In the records that follow, the lines from the one containing "(B) What is" to the one containing "superscripts. type your answer...", inclusive, are to be given again exactly.

Available data.
------------------------------------------------------------

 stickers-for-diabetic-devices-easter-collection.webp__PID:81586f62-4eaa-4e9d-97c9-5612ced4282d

------------------------------------------------------------

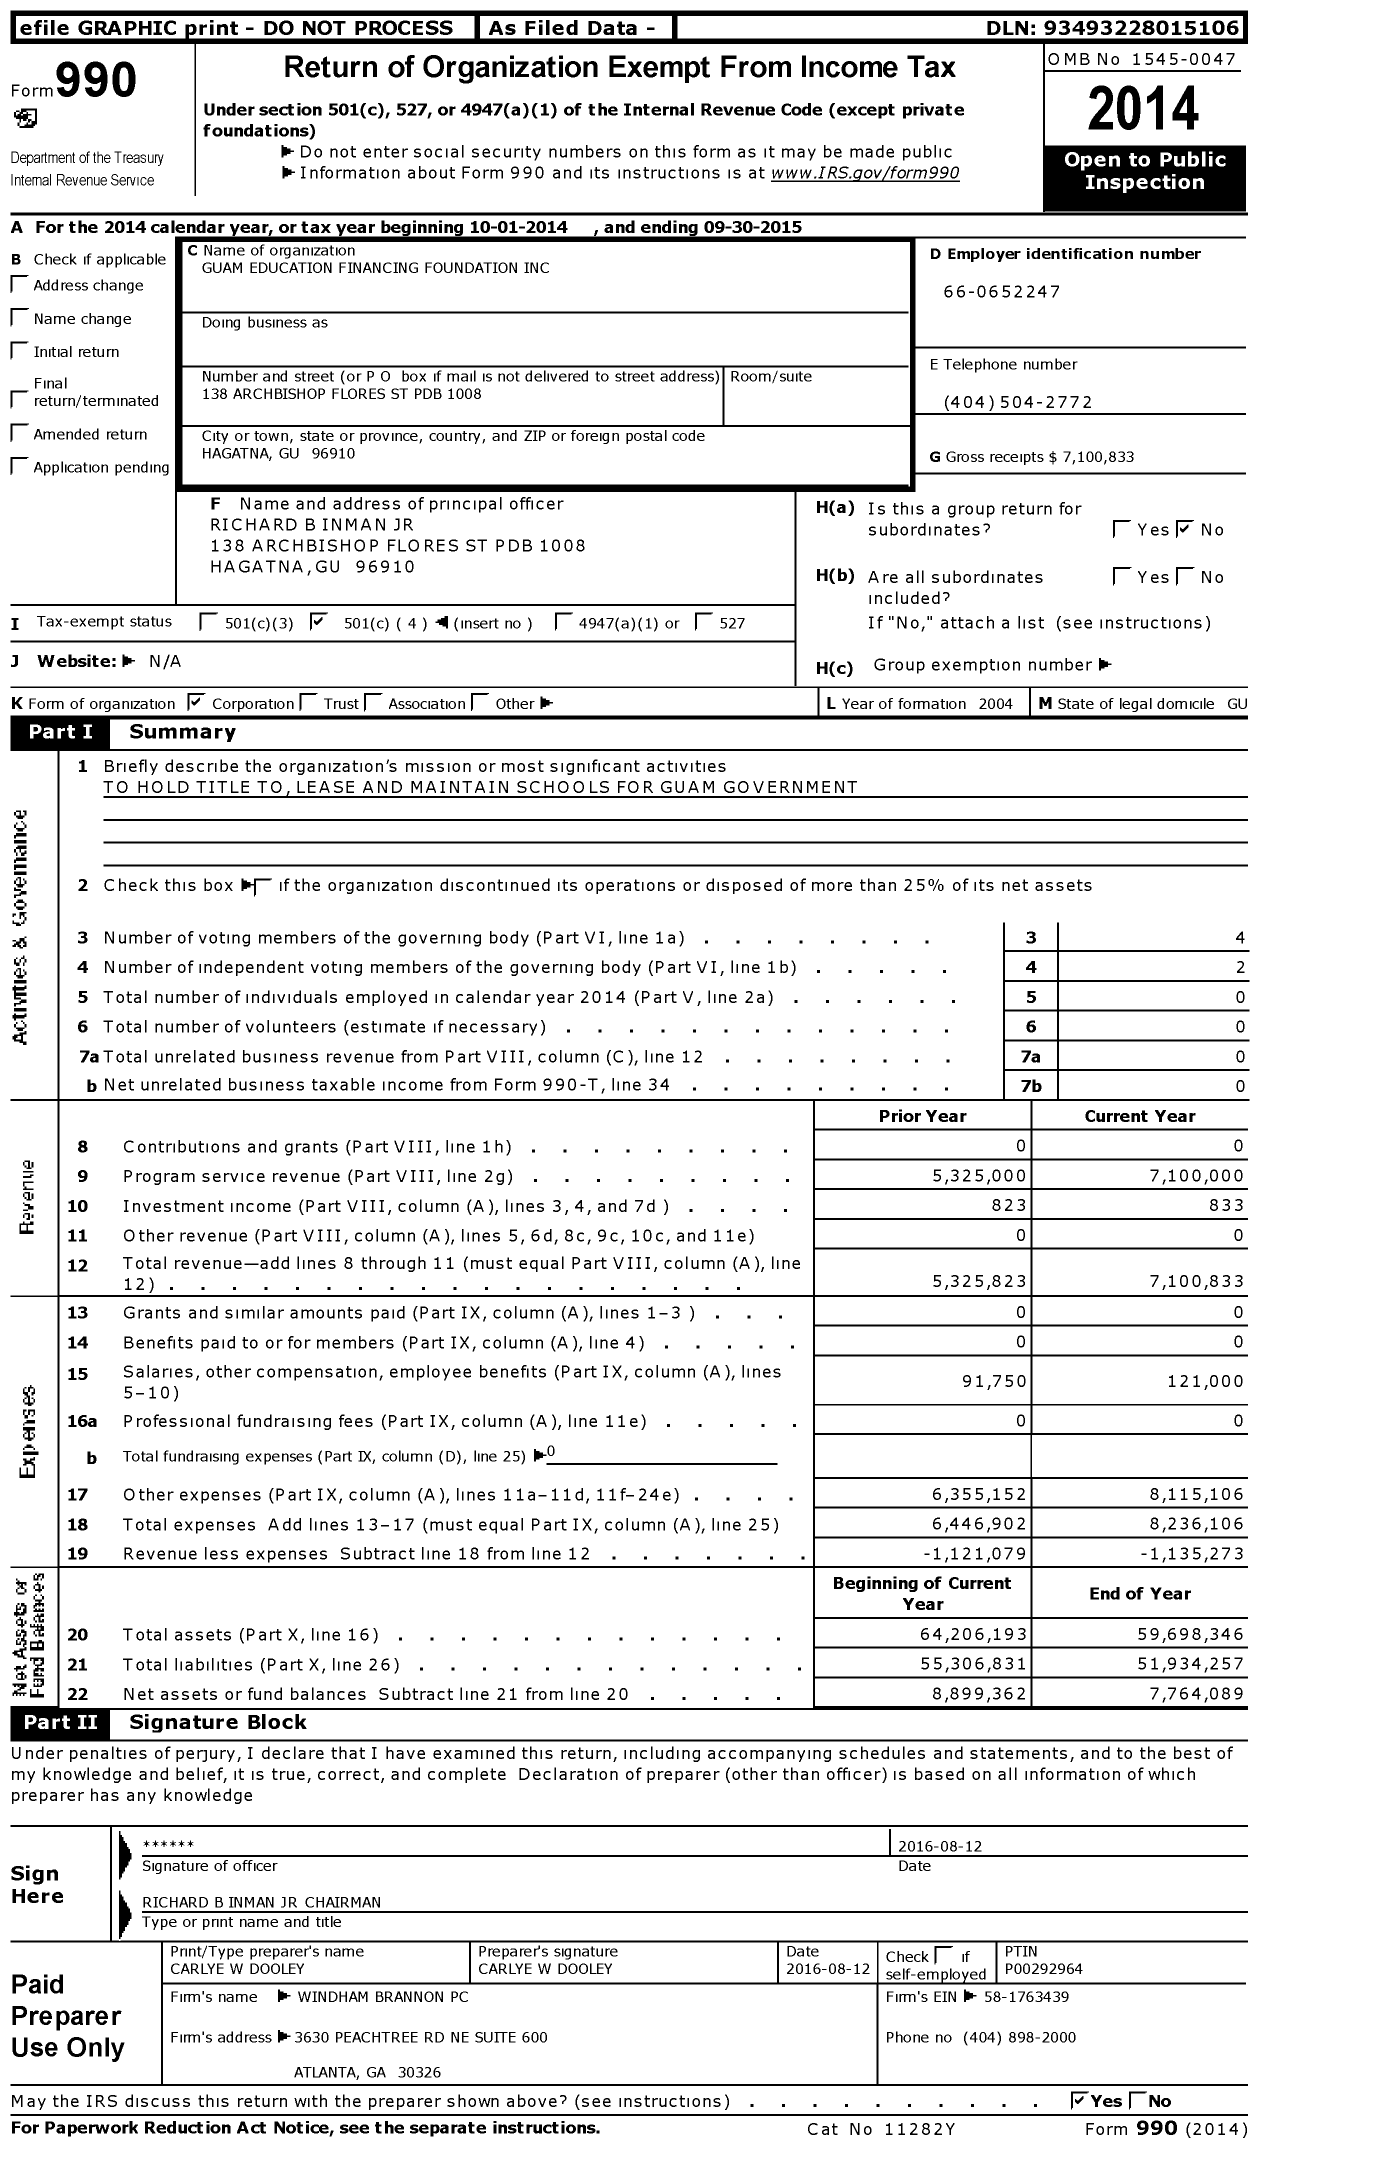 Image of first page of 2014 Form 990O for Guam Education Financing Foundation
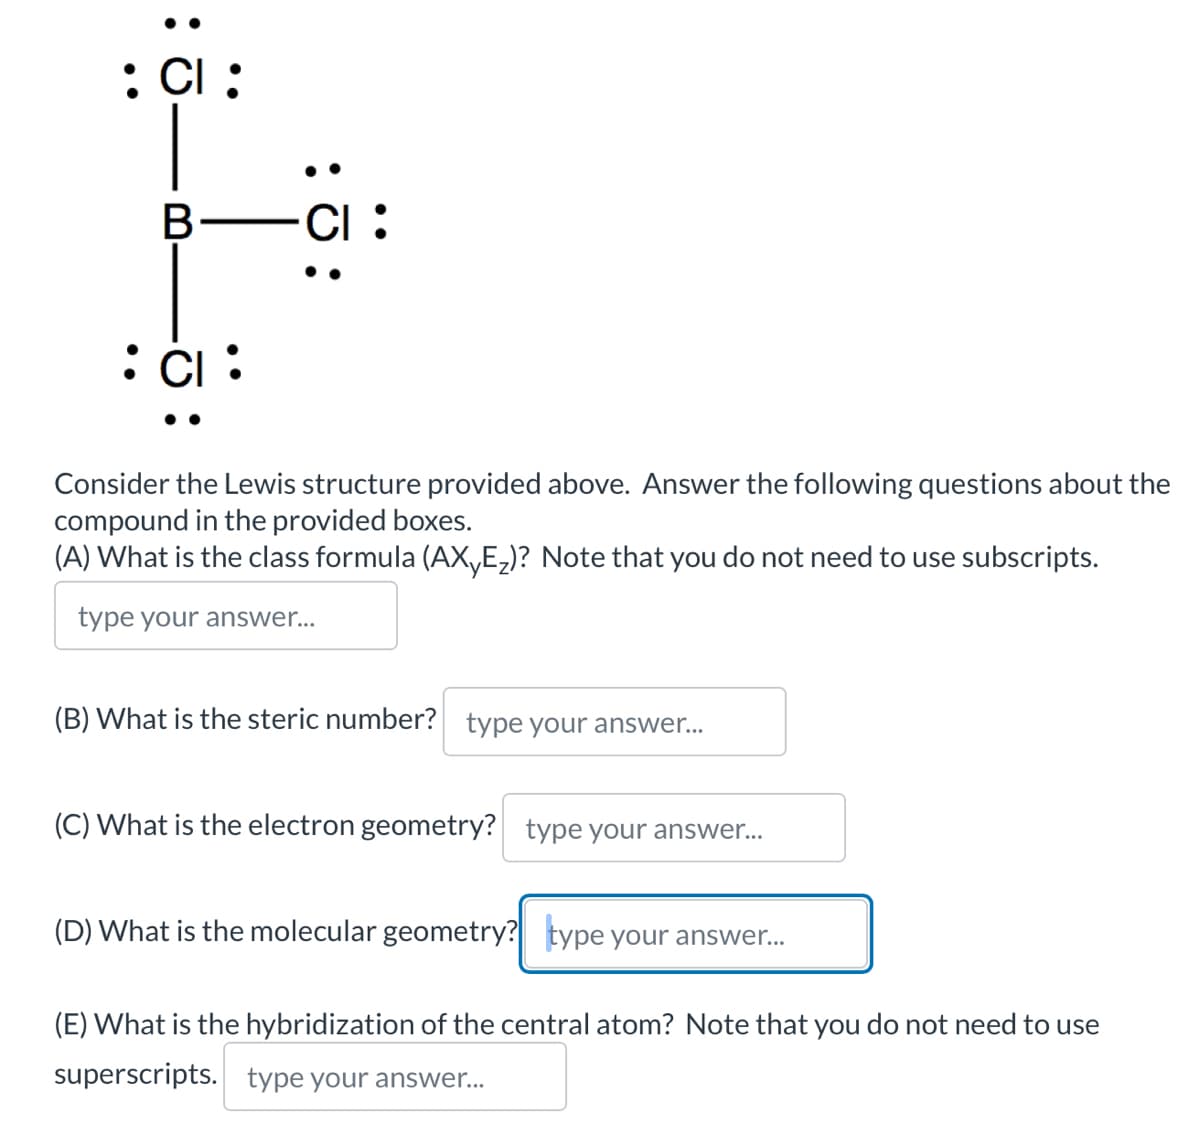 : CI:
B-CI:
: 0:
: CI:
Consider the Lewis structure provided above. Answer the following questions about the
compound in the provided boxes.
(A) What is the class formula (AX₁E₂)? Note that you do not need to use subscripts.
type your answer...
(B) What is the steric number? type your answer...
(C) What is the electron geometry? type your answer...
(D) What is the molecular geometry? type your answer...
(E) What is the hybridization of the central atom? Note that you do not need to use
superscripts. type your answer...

------------------------------------------------------------

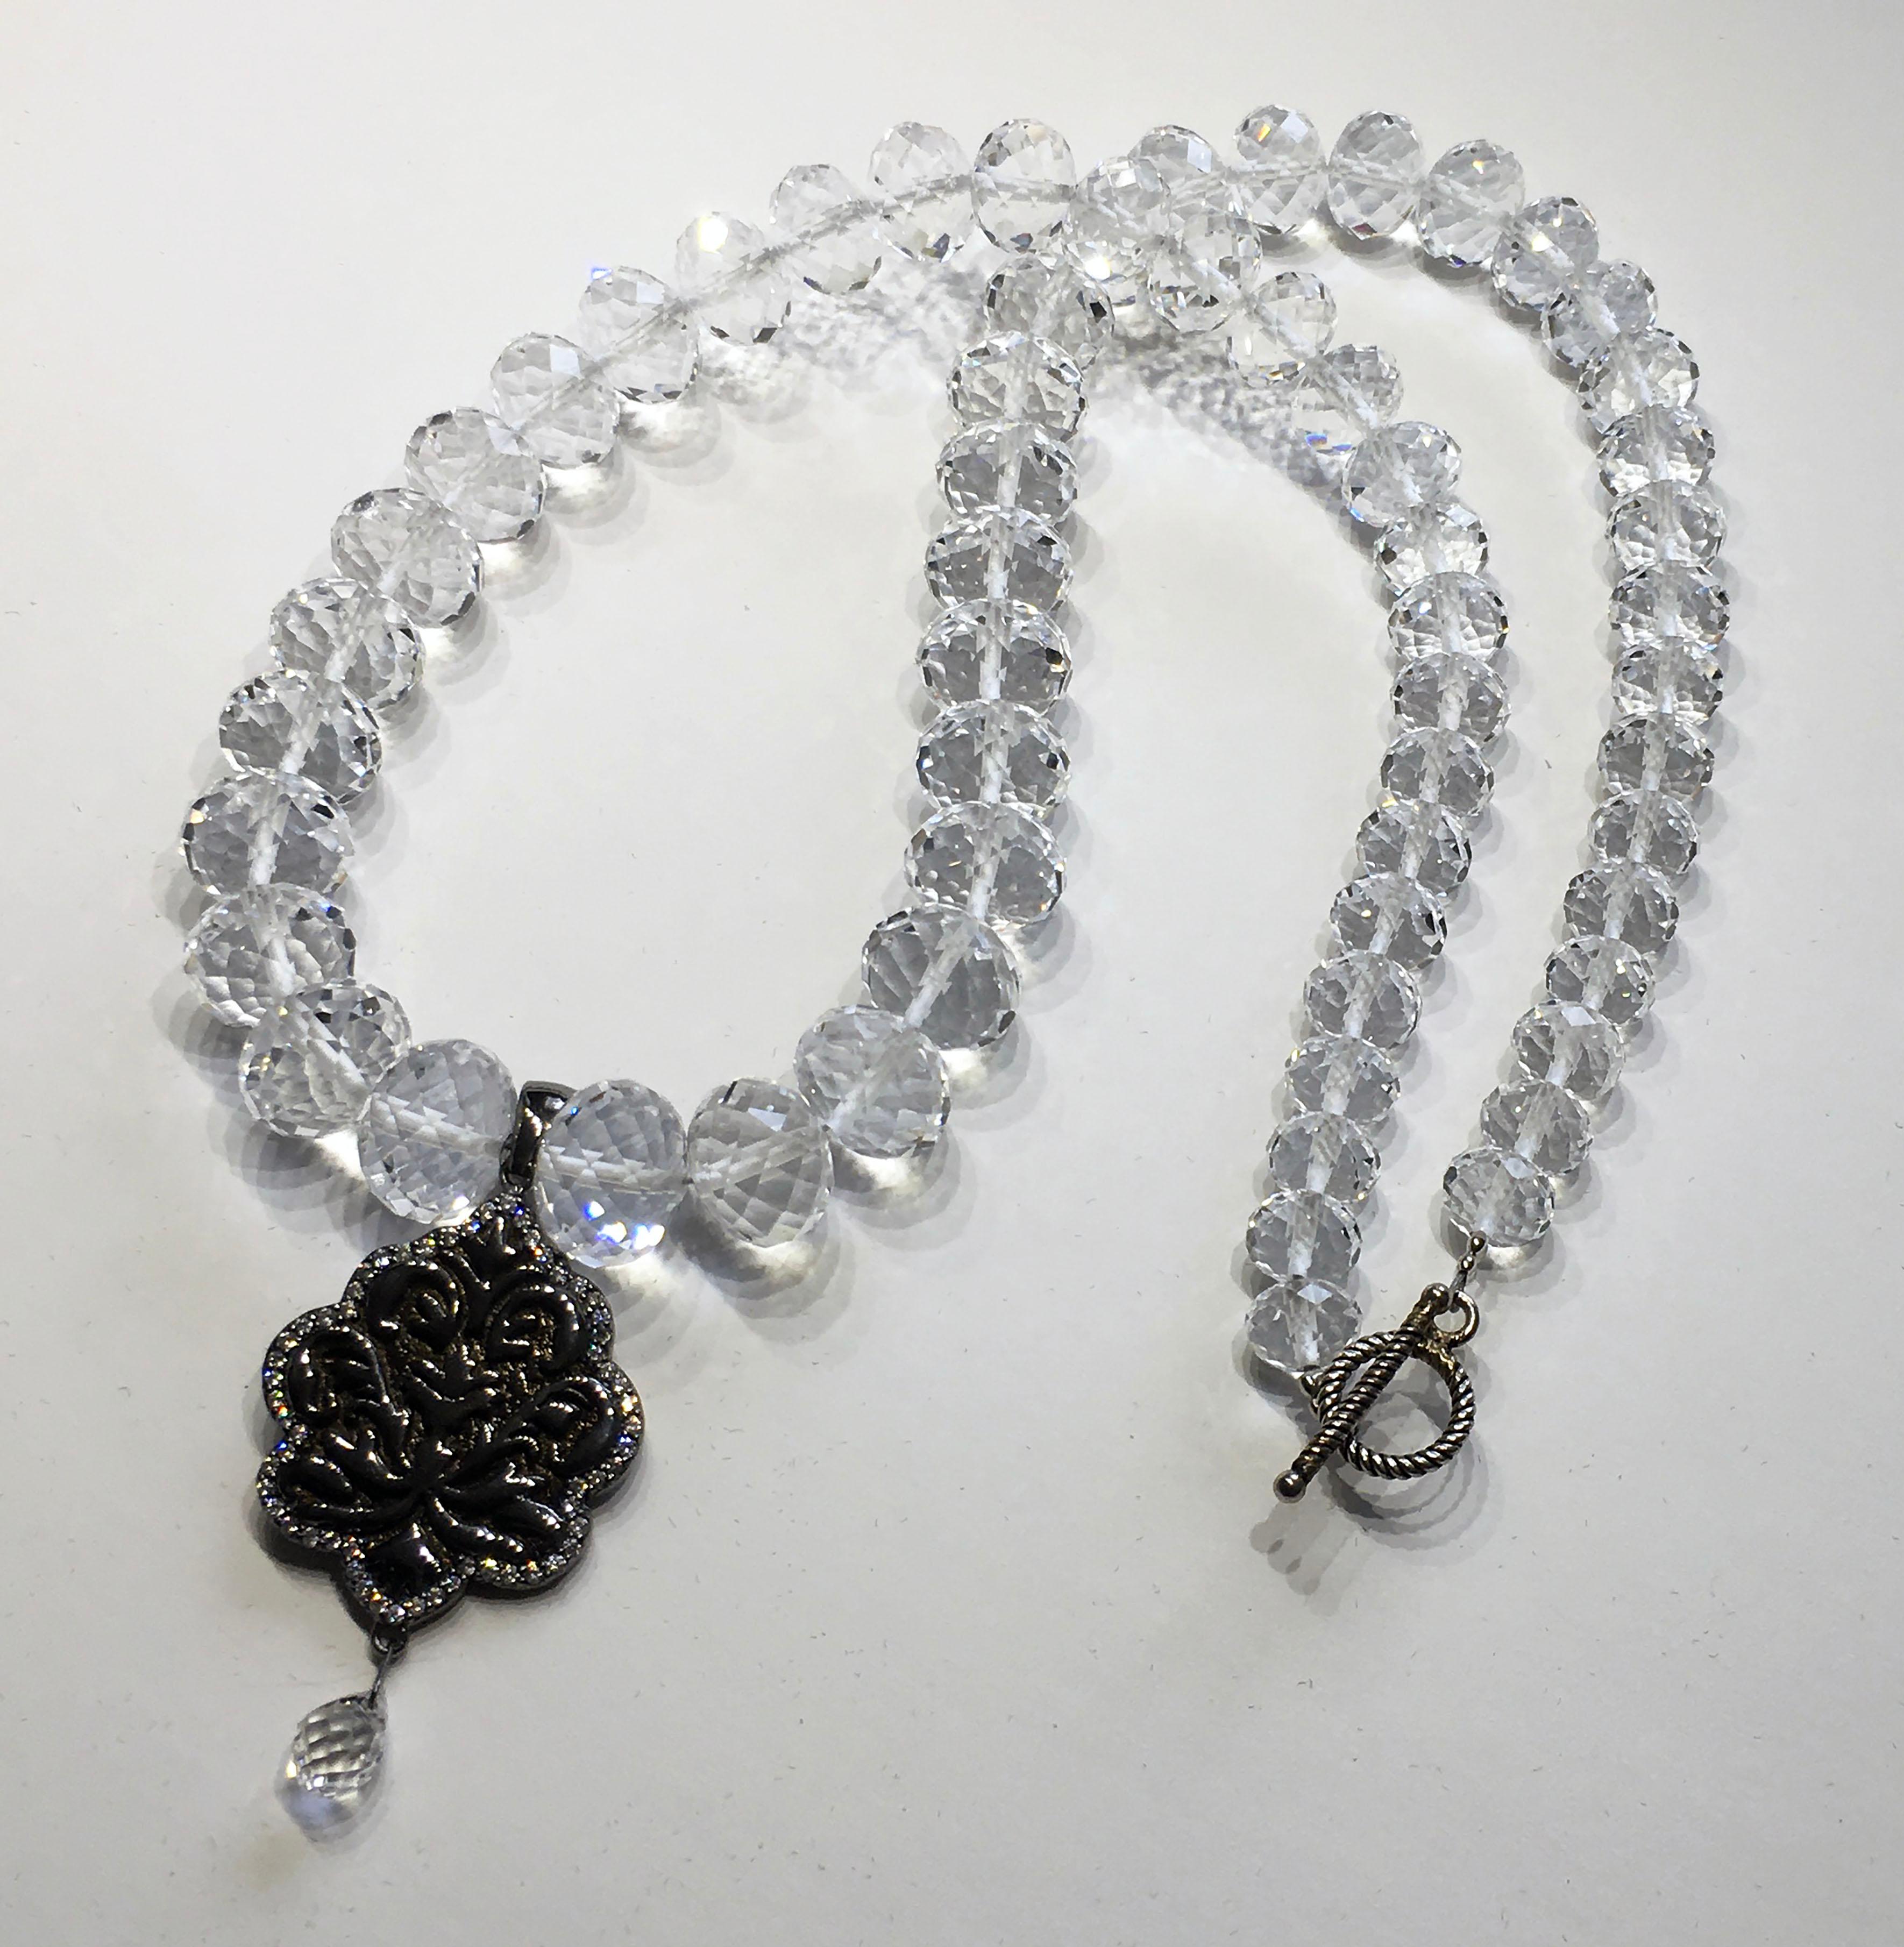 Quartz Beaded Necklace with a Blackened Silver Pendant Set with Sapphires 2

------------------------------------------------------------

Answer for this exercise.
(B) What is the steric number? type your answer...
(C) What is the electron geometry? type your answer...
(D) What is the molecular geometry? type your answer...
(E) What is the hybridization of the central atom? Note that you do not need to use
superscripts. type your answer...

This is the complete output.